Op-Ed Cites Population Boom in Utah as Cause of Drought


Op-Ed Cites Population Boom in Utah as Cause of Drought

Published on August 6th, 2022

Back in June, we blogged about an extensive report published in the New York Times that called the Utah drought an “environmental nuclear bomb” for the Wasatch Front region.

In our blog, we wrote that the Great Salt Lake had already shrunk by two thirds and was continuing to rapidly diminish its water supply.

As a result it was causing entire ecosystems to die, destroying businesses, and was even turning the air poisonous.

That’s quite a combination of disastrous events. The Times report directly mentioned that the overpopulation of the region is a root cause of this catastrophe.

It looks like others in the region are taking notice.

A new op-ed published in the Desert News cited the population boom in Utah as a root cause of the massive environmental problems the region is experiencing.

As Utah’s population grows and climate continues to change, more dependence is put on our many ecosystem services.
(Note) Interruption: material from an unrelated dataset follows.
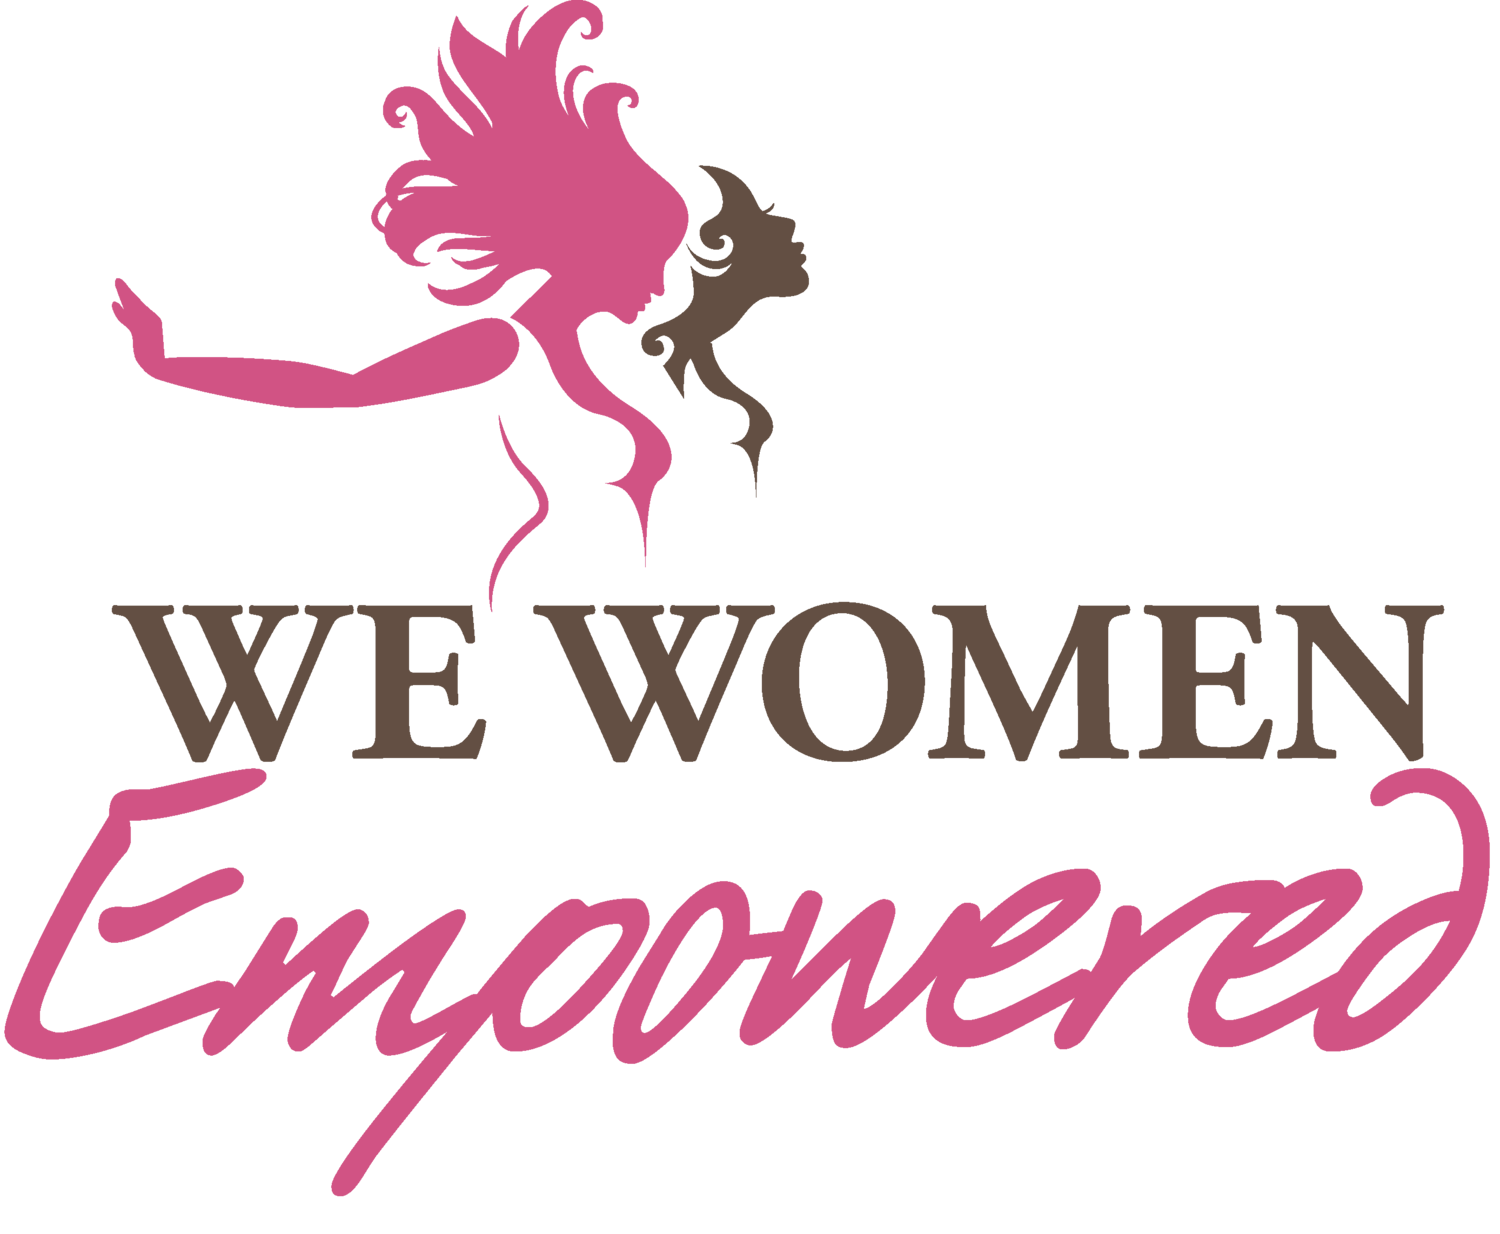 We Women Empowered

As demand increases, so does the need for clean and reliable water supplies. In Utah, population growth is booming, making it vitally important to work together to stretch the water supply.

The op-ed was authored by Rachel Shilton, who works as a manager at the Utah Division of Water Resources. Her bio stated she is a professional engineer with decades of experience in environmental management.

Shilton took a balanced approach and stuck to the facts about what’s happening in Utah with respect to the environment. She believes that better land management and an emphasis on the active preservation of watersheds can help mitigate the effects of this situation.

As individuals, we need to make sure we’re conserving water in our homes and yards, and as a community we need to support active land management of our public lands and watersheds. Actively managing our public lands will provide greater value to everyone who benefits from their existence now and into the future.

It’s nice to see people taking notice of the problem and outlining practical solutions.

With that said, there’s no getting around the fact that overpopulation is the root cause of this problem.

Without addressing that issue, the Wasatch Front region may be doomed to a similar fate as Owens Lake in California.